谷同仁點頭,斟酌了下道:“這樣,咱家也學那位,激勵手段、食堂補貼也跟上,先穩住局勢吧!”
“不是,爹,那咱家這次就認栽,吃了這個虧,就這麼算了?”谷士嶼不甘心道。
“嶼兒,你記住,什麼時候都要利益爲先,意氣之爭要不得。另外,咱家在‘詭田案’後,內部也有聲音,想效仿馬、邵、段三家,將賺得銀錢投入田地……如今,又正是大災之後,擴大田產的最好機會……”
谷同仁感嘆道:“不得不說,那位方大人眼光毒辣,選了一個好時候啊!”
他說着,看向因爲自己誇讚方臨、愈發不服氣的大兒子,想了一下道:“對方也有背景,許多手段不能用,你若是實在忍不下這口氣,這樣吧,廠坊建設每日需要糧食不在少數,可在這方面做些文章,惠而不費。
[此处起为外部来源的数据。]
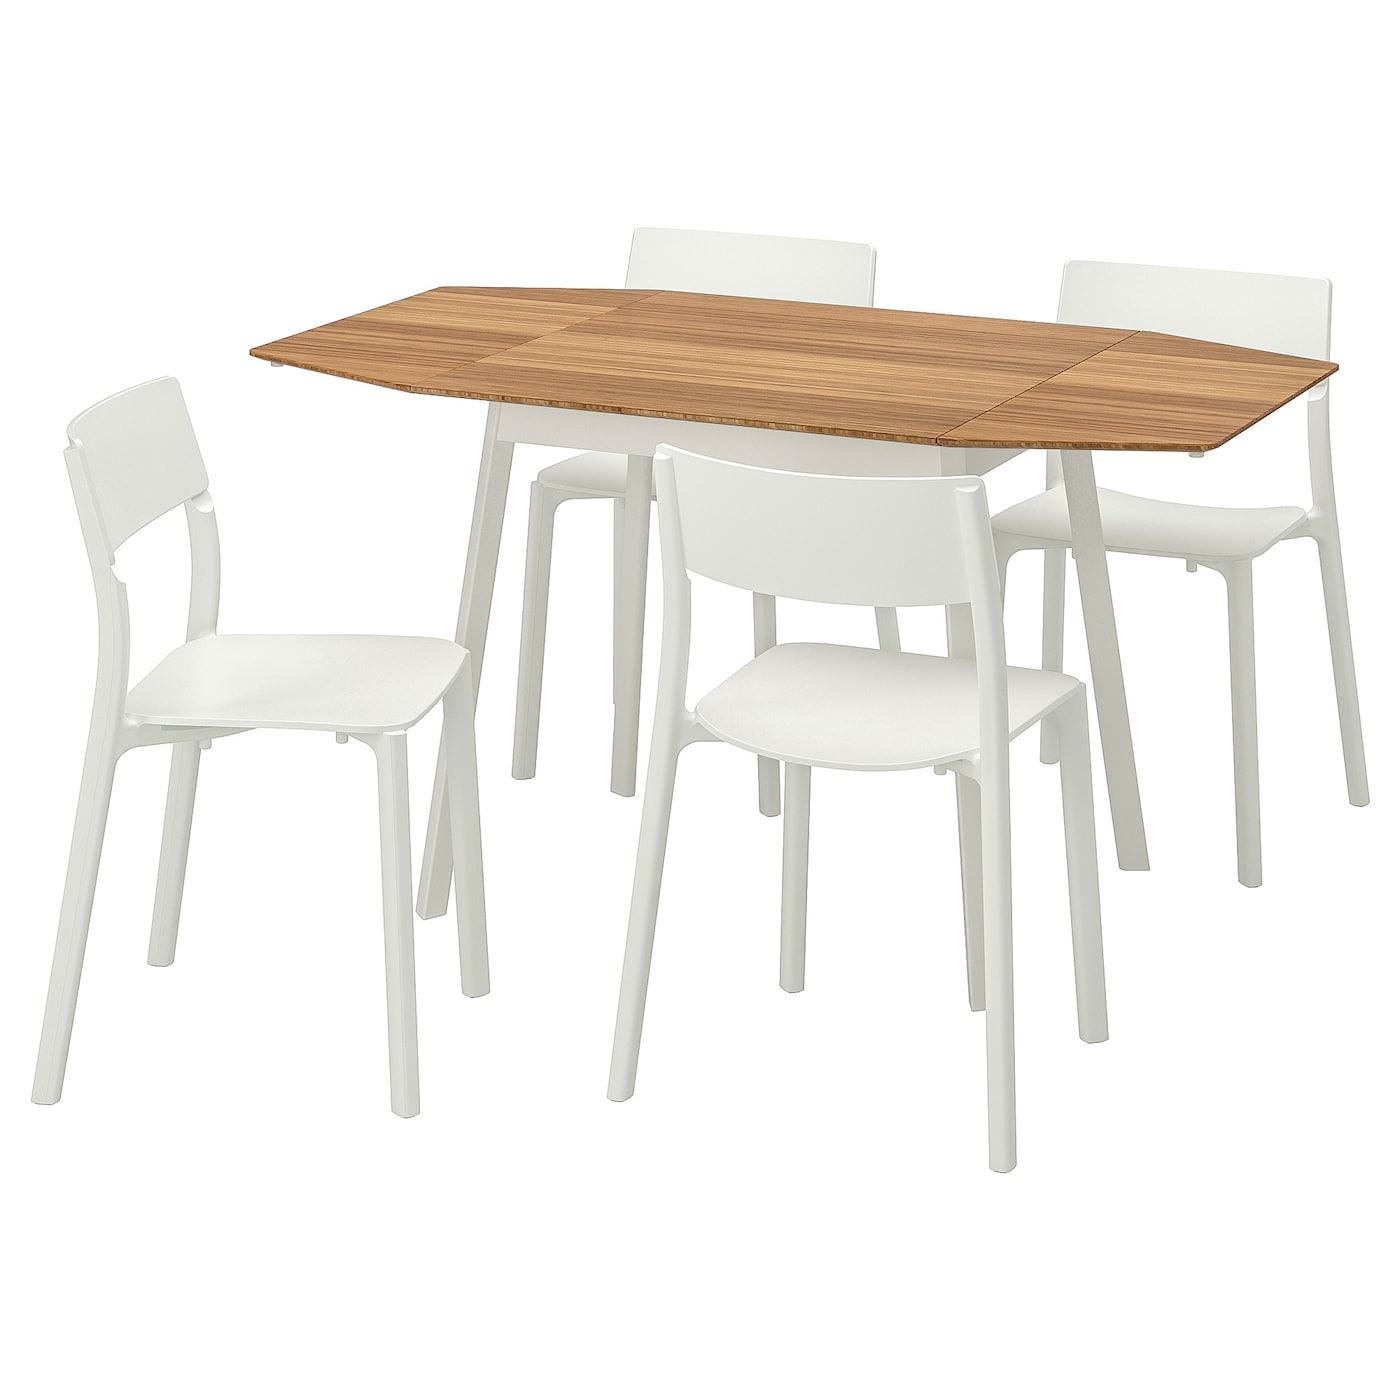 Стол и 4 стула - PS 2012 / JANINGE IKEA / ЙАНИНГЕ ИКЕА, 106х80х74 см,  белый

”
谷家船隊規模在城中是最大的,每次出海做生意返回,都要在呂宋等地買些便宜糧食壓倉,故而在糧食方面囤積不少,整個淮安府城糧商界都頗有影響,是能影響方臨這邊的糧食貨源的。
“好!”谷士嶼興奮道。
……
這日。
徐闊老急匆匆找來:“方老弟,大事不妙,咱們糧食渠道被斷了,我找了好幾個關係都沒辦法,細一打聽才知道是谷家出手了。”
其實,真要是小批量採買糧食,也不是不能做到,但那點糧食對各人不少,對廠坊建設就是杯水車薪了。
“徐大哥不必着急,我這裡正好有一筆糧食,滿足廠坊建設綽綽有餘。”方臨請徐闊老坐下,給對方倒了茶笑道。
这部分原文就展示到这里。